Research output: Contribution to journalArticlepeer-review

Abstract

Molybdenum nitrides have been employed in a variety of applications. For use in catalysis, the cubic γphase with the nominal stoichiometry Mo2N and the space group Fm3¯ m is typically prepared by high-temperature reaction of MoO3 with NH3. The literature presents conflicting reports of the possible presence of residual oxygen from typical ammonolysis reactions and whether such species influence the crystal structure and morphology. With the aim of resolving these open questions, a comprehensive study of the chemistry, crystal structure, and electronic structure of molybdenum nitride materials prepared by ammonolysis has been undertaken here, with particular focus on the role of reaction temperature. Ammonolysis of MoO3 was carried out at 973 and 1073 K and yielded single-phase cubic products. Using electron energy loss spectroscopy (EELS), X-ray photoelectron spectroscopy (XPS), thermogravimetric analysis, prompt gamma-ray neutron activation analysis, and combustion analysis, significant concentrations of oxygen and, to a lesser extent, hydrogen were found in both materials. The crystal structure of each phase was refined by Rietveld analysis using combined synchrotron X-ray diffraction and neutron diffraction data. The structures were found to be derivatives of the B1 rock salt (halite) structure, as is often reported for "γ-Mo2N."However, both materials adopt the space group Pm3¯ m, as opposed to the typically presumed space group of Fm3¯ m, and both have much higher anion content than implied by the stoichiometry Mo2N. Ordering of cation vacancies and of anion species is responsible for the loss of the translational symmetry expected for the space group Fm3¯ m. X-ray absorption spectroscopy studies, along with the EELS and XPS results, showed the Mo oxidation state to be diminished with higher temperature synthesis, consistent with the retention of a lower concentration of anions and in particular oxygen.
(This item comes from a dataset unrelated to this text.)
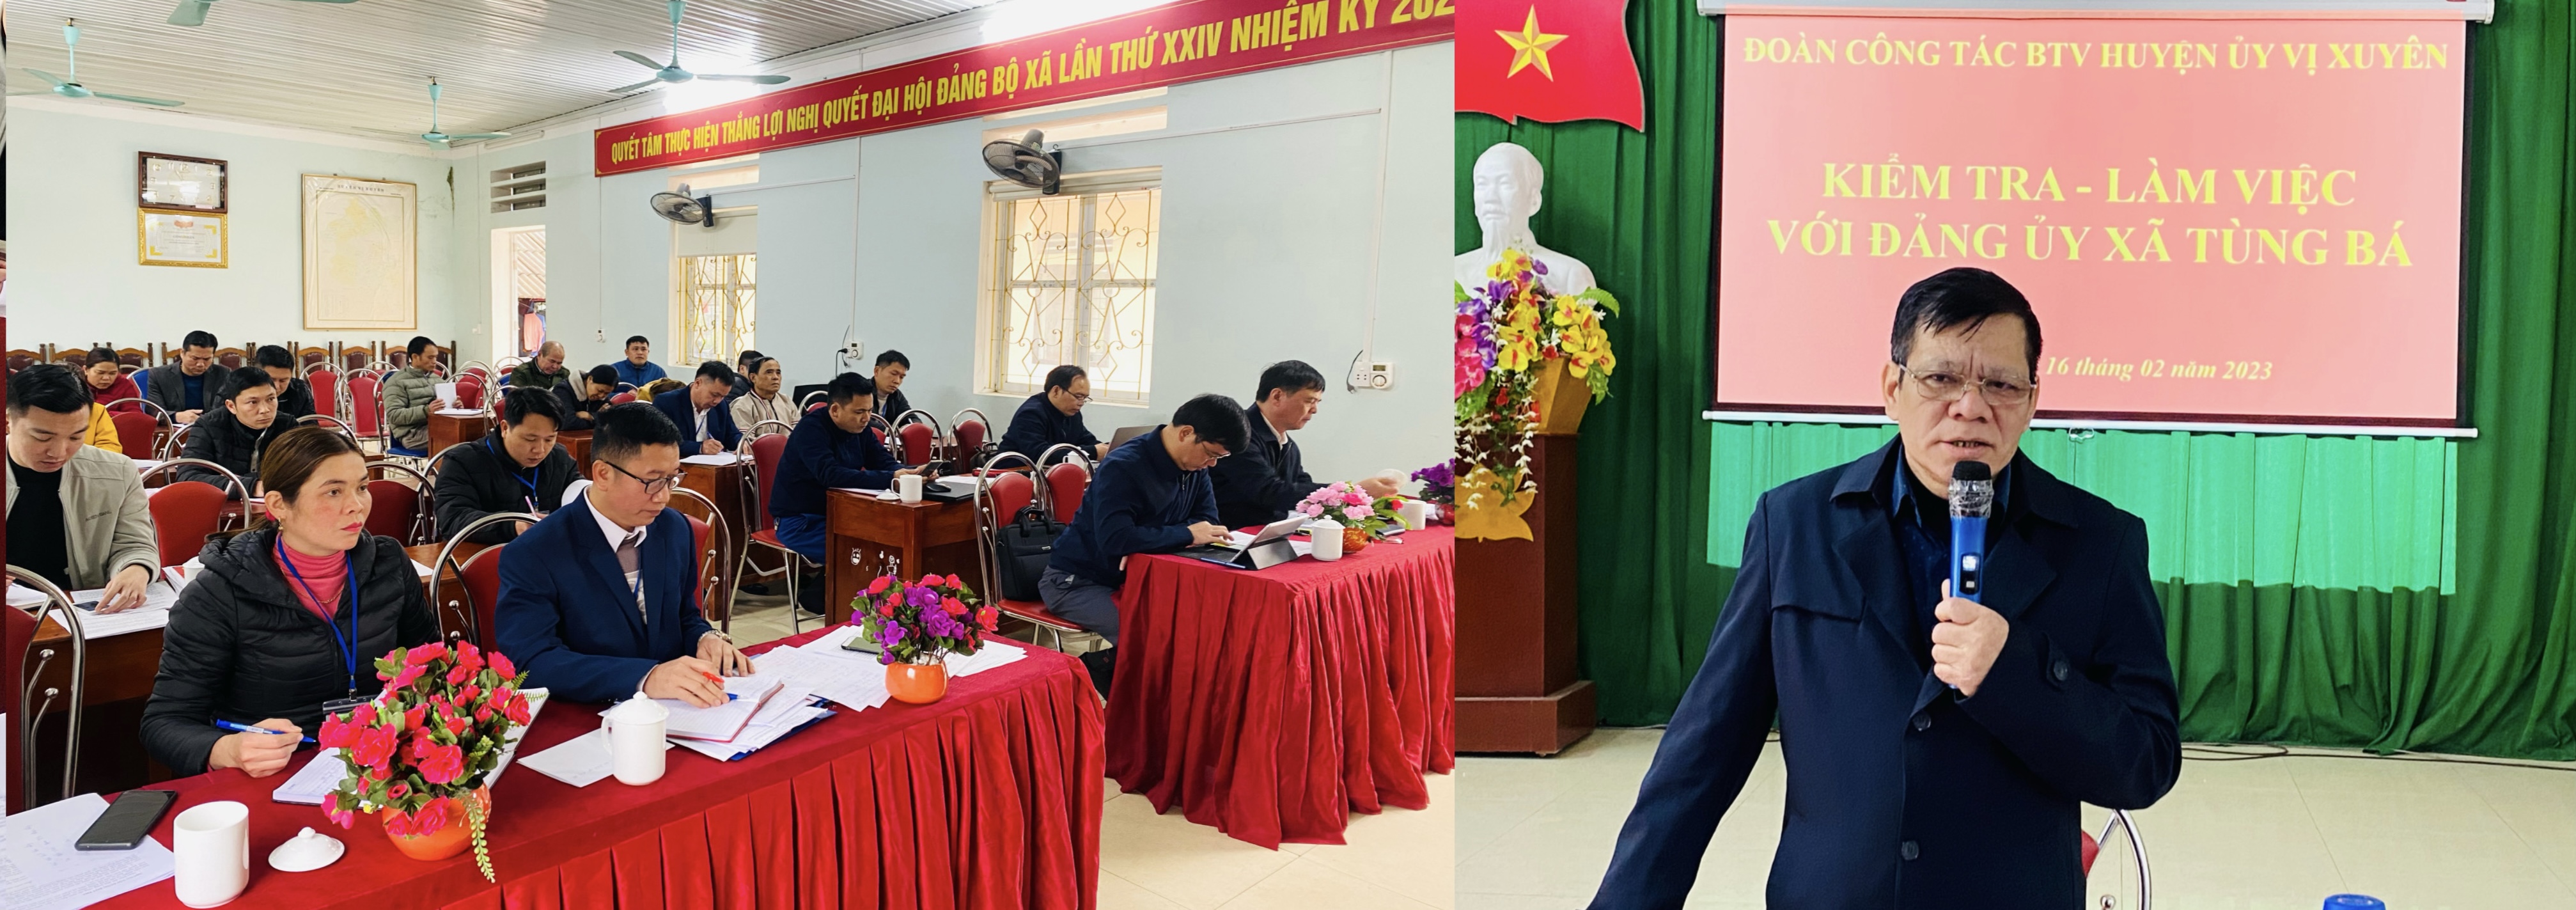 Đoàn công tác BTV Huyện ủy Vị Xuyên làm việc tại Tùng Bá, Thuận Hoà

The difficulty in differentiating oxygen and nitrogen and the impossibility of detecting hydrogen by X-ray and electron diffraction methods, especially in the presence of the heavy element Mo, have likely inhibited accurate identification of Mo1-x(N1-yOy)Hz as the product of MoO3 ammonolysis. The findings reported here offer a critical assessment for understanding the properties of molybdenum "nitrides"in electronic and catalytic applications.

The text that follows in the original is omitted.